Que faire si je casse une plaque seul, à domicile ?
Commandez une plaque de remplacement chez un fabricant agréé en envoyant la copie de la carte grise. La nouvelle plaque arrive sous 48 à 72 heures pour 15 à 30 €. Aucune démarche ANTS n'est nécessaire : le numéro reste le même. Conduisez avec prudence en attendant : un véhicule sans plaque arrière, même temporairement, est verbalisable.
La plaque d'un véhicule étranger en France doit-elle changer ?
Pas immédiatement. Un véhicule immatriculé à l'étranger peut circuler en France pendant 6 mois sans modification. Au-delà, l'immatriculation française devient obligatoire pour les résidents : reproduction du numéro SIV sur de nouvelles plaques, en remplacement des plaques d'origine.
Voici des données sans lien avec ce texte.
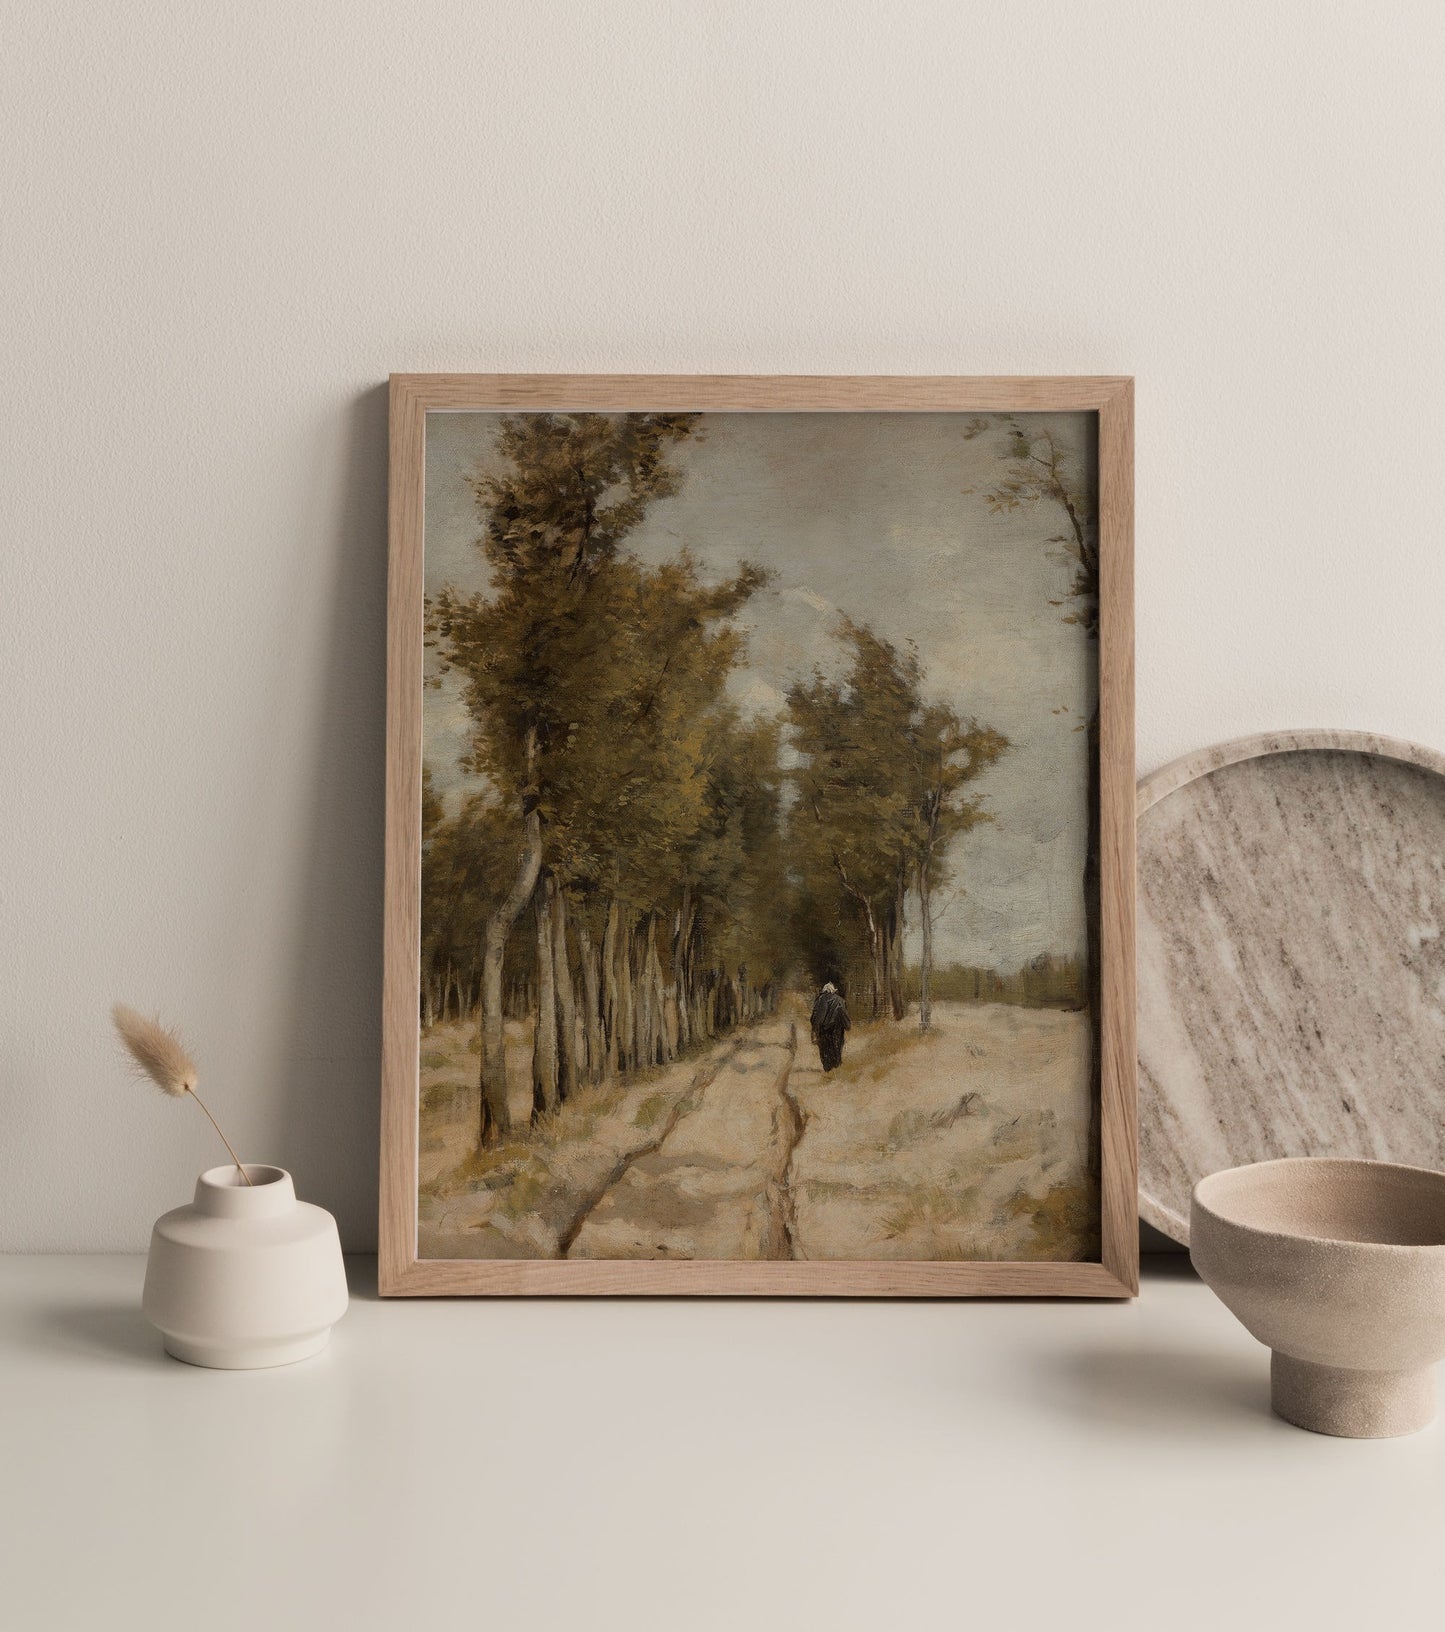 Vintage Digital Oil Painting Wall Art - Printed and Shipped to you - Quiet Walk on a Path

Peut-on encadrer ou décorer la plaque ?
Oui pour le cadre (porte-plaque), à condition qu'il ne masque ni les caractères ni l'identifiant territorial. Tout ajout d'autocollant, sticker ou peinture sur les caractères est en revanche strictement interdit. Une plaque artistiquement « personnalisée » est non conforme et sanctionnée comme une plaque illégale.
Notre verdict
La plaque d'immatriculation est un objet banal mais hautement réglementé. Trois réflexes suffisent à éviter 95 % des problèmes. D'abord, n'acheter qu'auprès de fabricants agréés vérifiables (numéro TPPR visible, mentions légales claires, demande systématique de la carte grise) : c'est le seul moyen de se prémunir contre les revendeurs frauduleux ou les plaques pelant prématurément. Ensuite, surveiller régulièrement la lisibilité, la propreté et la fixation des deux plaques : une plaque illisible est une contre-visite quasi assurée au contrôle technique. Enfin, en cas de vol ou de doublonnage, agir vite : plainte sous 24 h, réimmatriculation, contestation des PV indus dans les 45 jours. Pour 25 € en moyenne et 48 heures de délai, la plaque d'immatriculation est l'un des éléments du véhicule où l'on n'a aucune raison de transiger sur la qualité ou la régularité.